*WHAT THE TASK ASKS*.
From the line containing "panorama del villaggio toscano foto" through the end of the material below, output each line exactly as written, with pictures excluded.

*PROVIDED MATERIAL*.
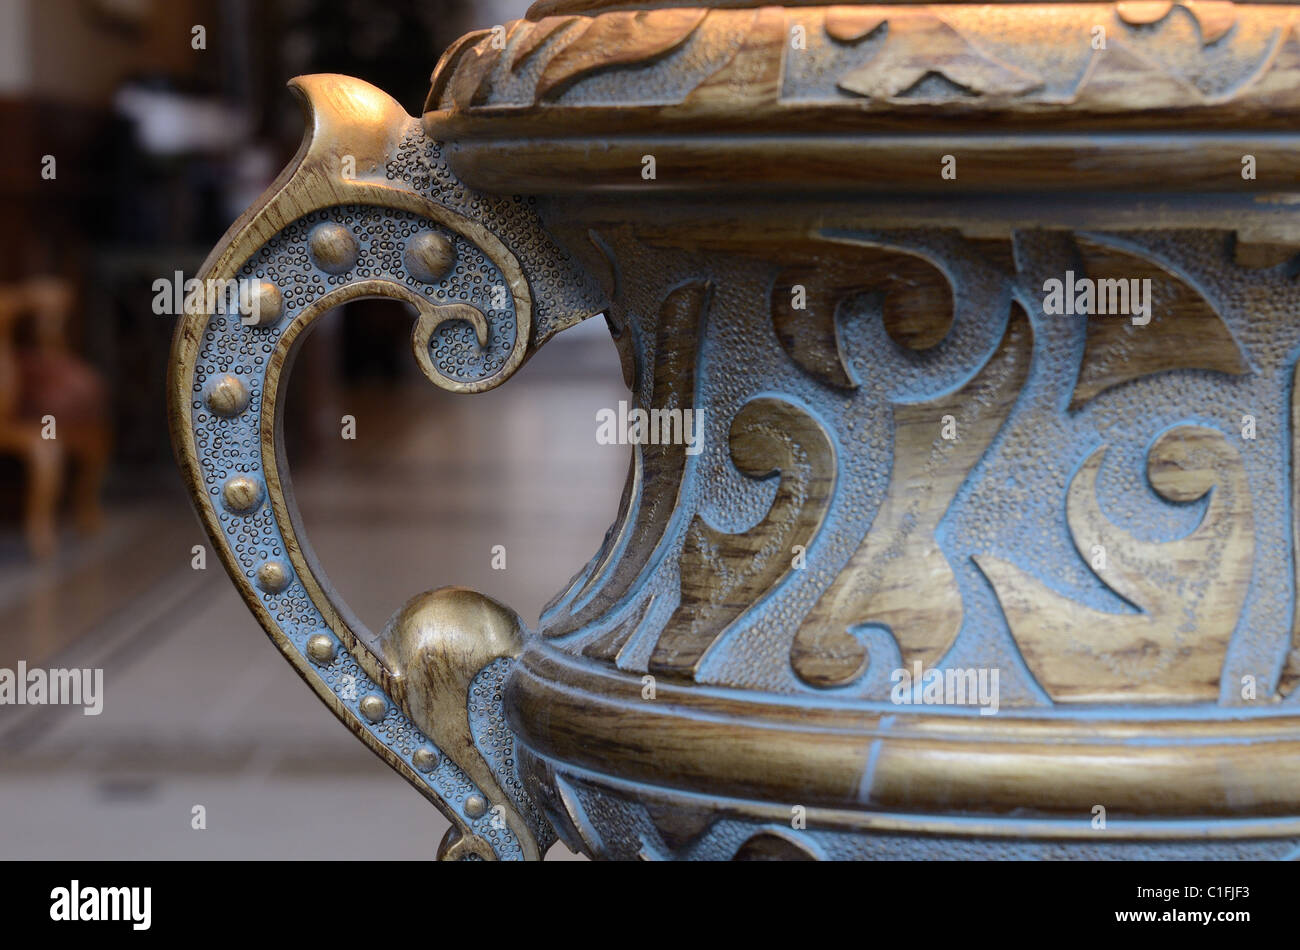 Lámpara ornamental detalle en un vestíbulo interior Imagen De Stock
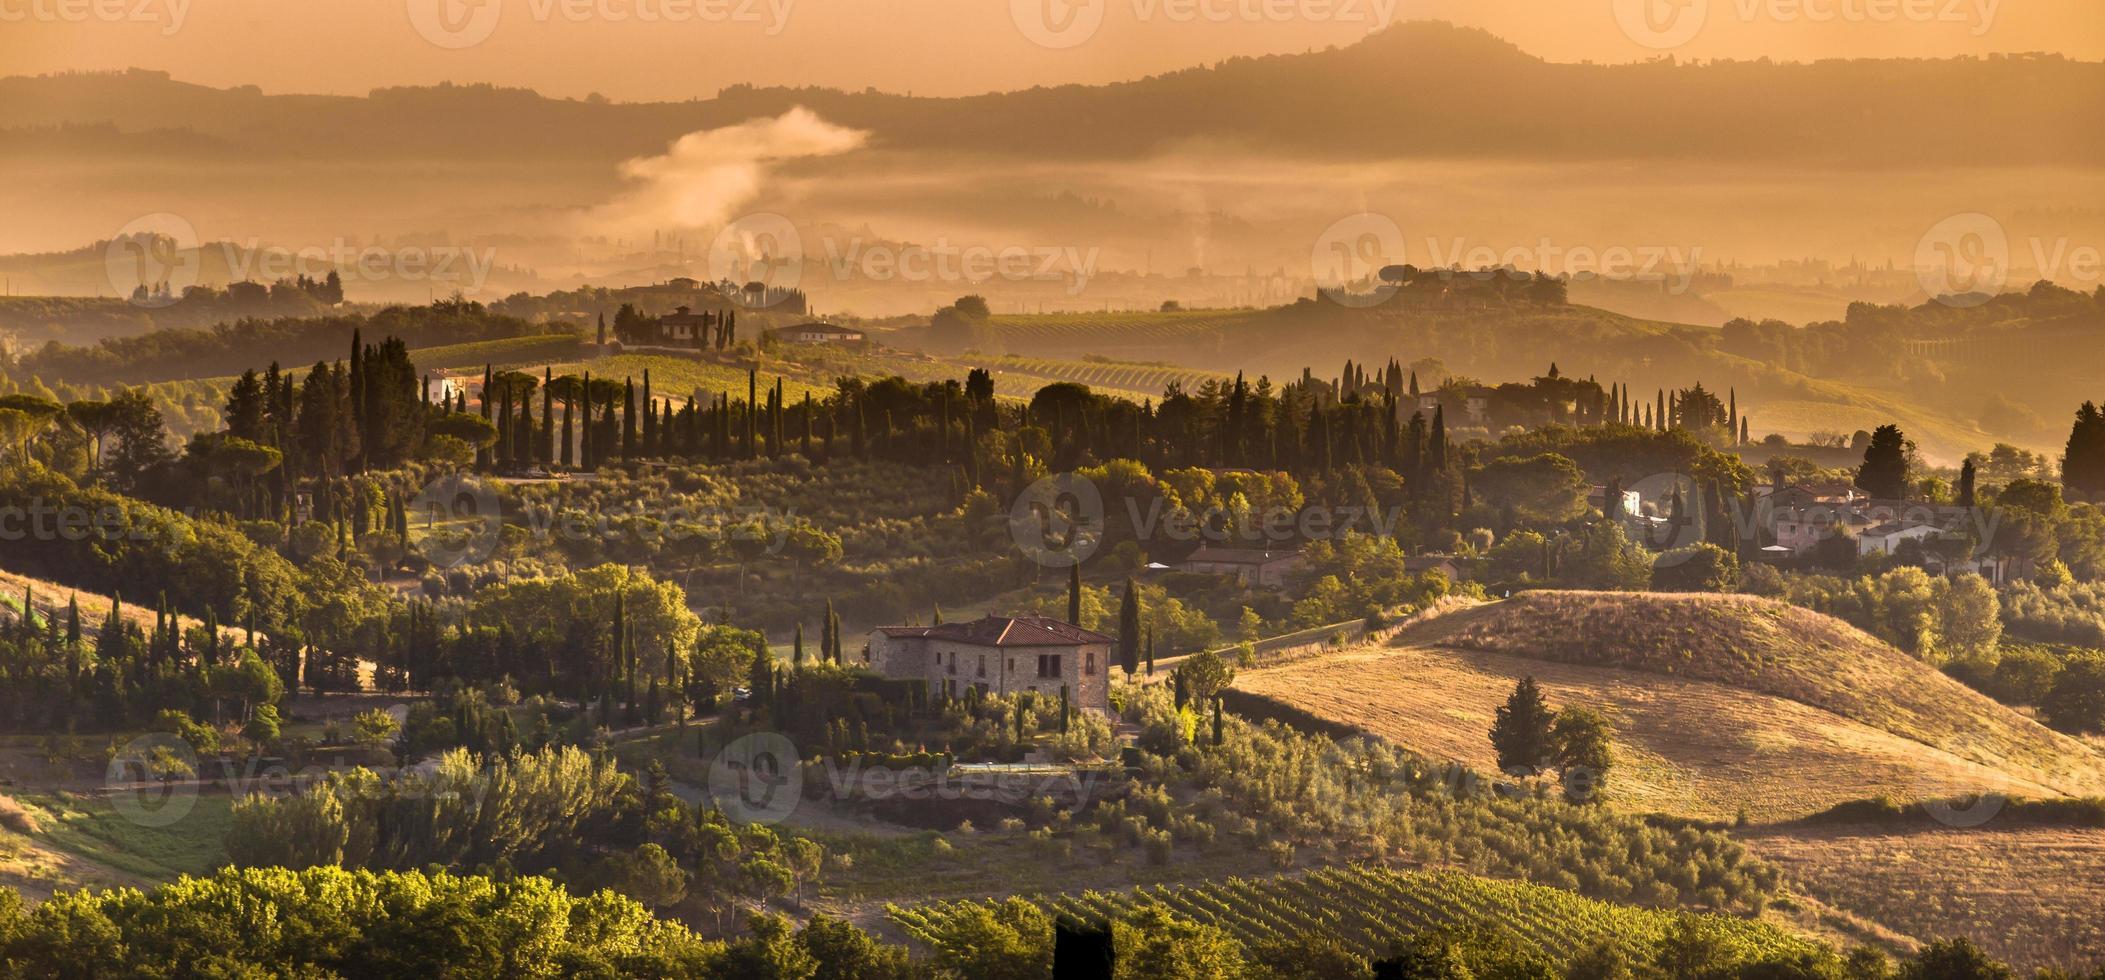 panorama del villaggio toscano foto
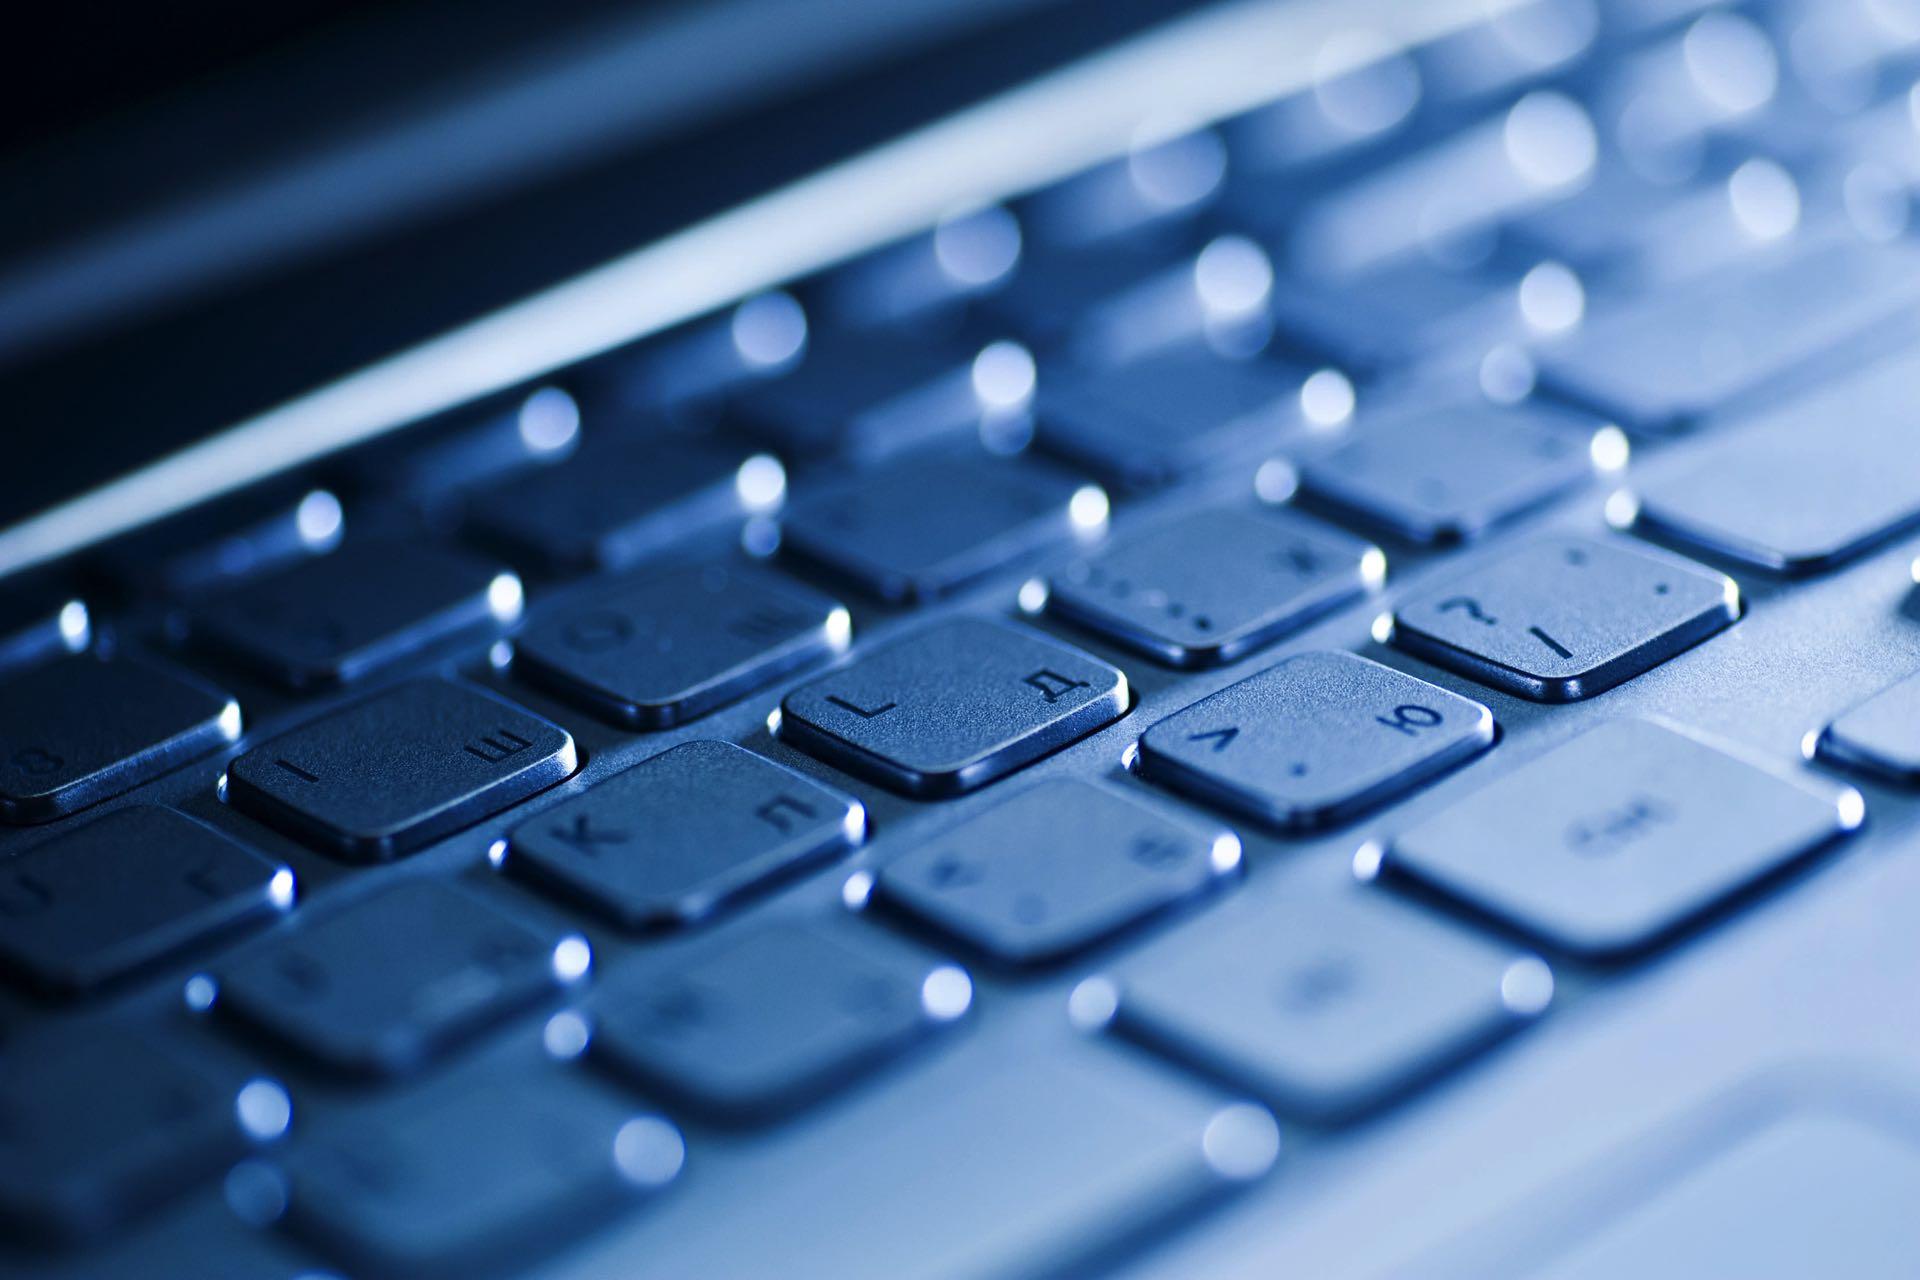 tastaturHD
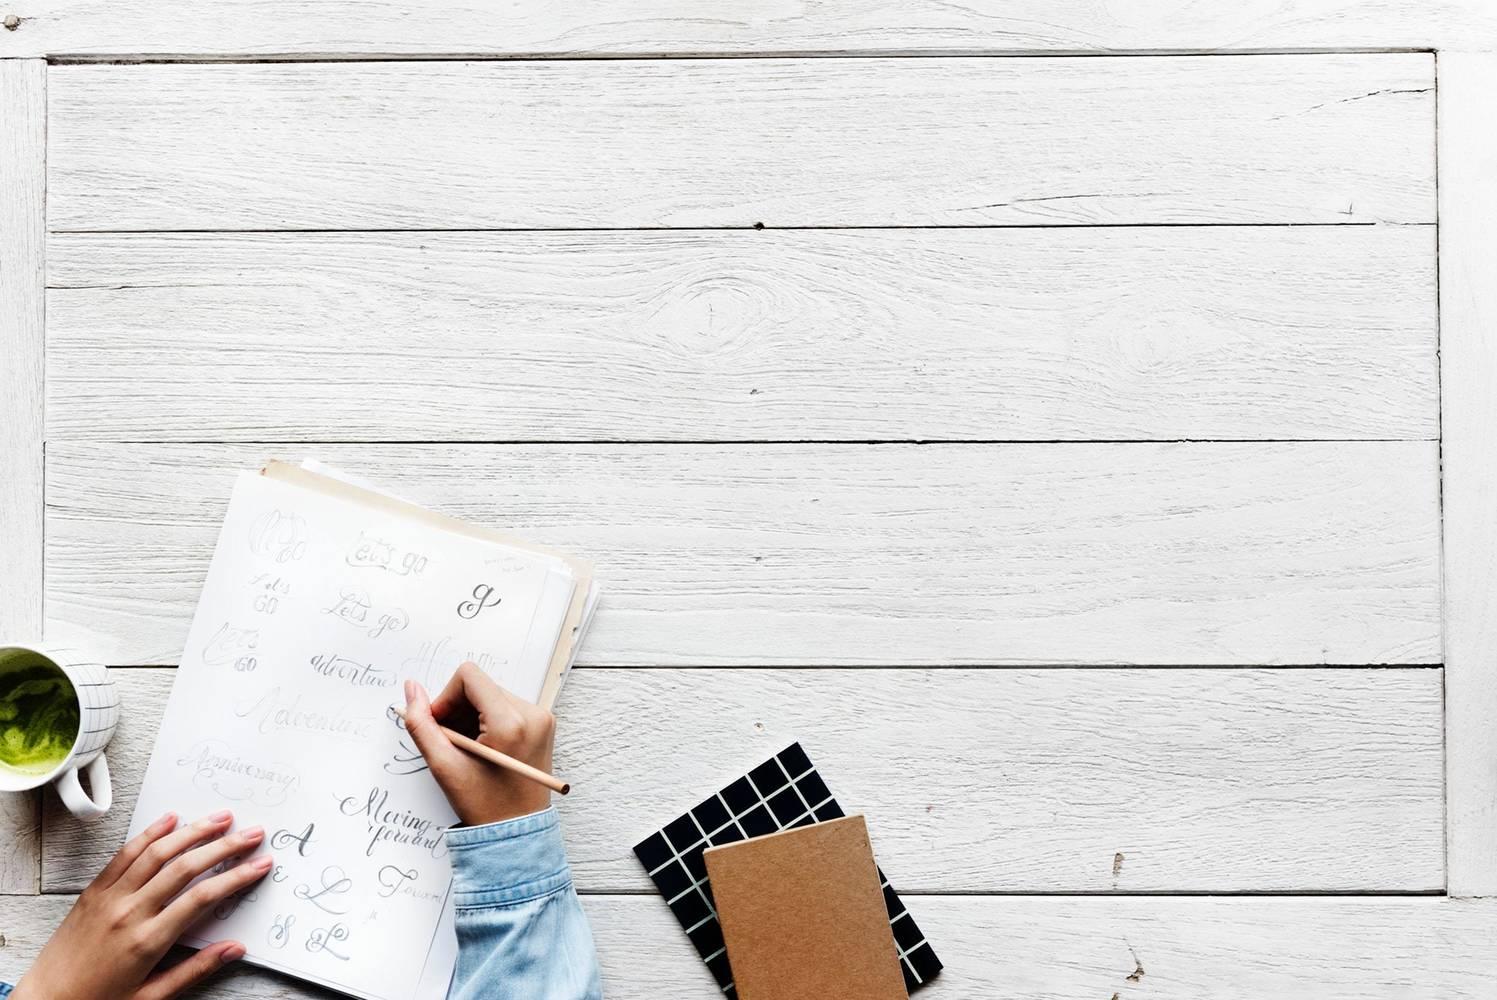 Ontwerp, advies en grafisch vormgeving

*COMPLETED TASK*.
 panorama del villaggio toscano foto
 tastaturHD
 Ontwerp, advies en grafisch vormgeving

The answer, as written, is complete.